AI facilitates the use of neural networks to try to predict outcomes of patients to help in that decision making for who receives expensive drugs. It also helps highlight information that is difficult to extract visually from just looking at the images. He noted that there are challenges as well as opportunities in bringing machine learning to the clinic, as well as ethical considerations, but there are “great opportunities for clinically meaningful work.” “The entire imaging pipeline can be improved…and there are still some issues, but the future is very bright,” said Professor Leiner.
Piotr Slomka, Professor of Medicine and Cardiology in the Division of Artificial Intelligence in Medicine, in the Cedars-Sinai Medical Centre in Los Angeles, shifted the focus to applying AI in (hybrid) nuclear cardiology.

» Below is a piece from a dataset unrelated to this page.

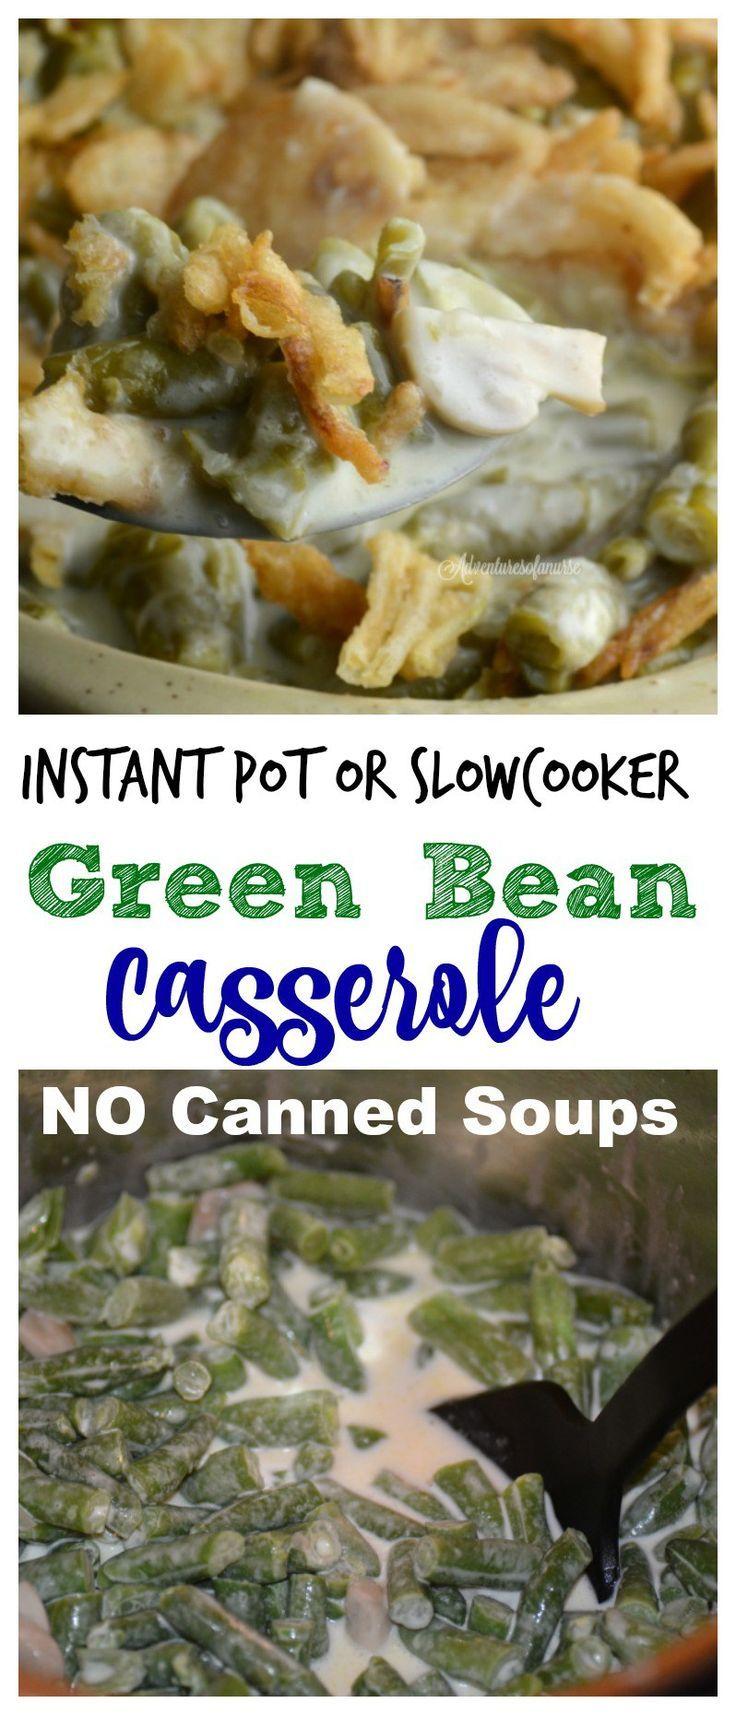 Instant Pot or Slow cooker Green Bean Casserole

Stressing that data is key to developing good AI systems, he discussed deep learning for diagnosis, how AI can predict early revascularisation from nuclear cardiology, be used for automated coronary calcium scoring, epicardial adipose tissue quantification and forecasting long-term risk of major cardiovascular events. He said: “AI can assist in mental integration of multiple quantitative and clinical parameters and provide more accurate risk estimates after the imaging test, while deep learning can provide diagnosis estimate.”
Steffen Petersen is a Professor of Cardiovascular Medicine at the William Harvey Research Institute, Queen Mary University of London and a Consultant Cardiologist and Clinical Director for Research at Barts Heart Centre, Barts Health NHS Trust. He is also the Cardiovascular Programme Director of UCLPartners Academic Medical Centre and President-Elect of the European Association of Cardiovascular Imaging (EACVI).
Tim Leiner is Professor of Radiology and Chair of Cardiovascular Imaging at Utrecht University Medical Center, Utrecht, in The Netherlands. His research centres on the development and implementation of new MR and CT techniques with a focus on cardiovascular imaging. He is currently President of the International Society for Magnetic Resonance in Medicine (ISMRM).
Piotr Slomka is the director of Innovation in Imaging and professor of medicine and cardiology, Division of Artificial Intelligence in Medicine at Cedars-Sinai. Current research in the Slomka Laboratory focuses on developing innovative methods for fully automated analysis of nuclear cardiology data using novel algorithms and machine learning techniques.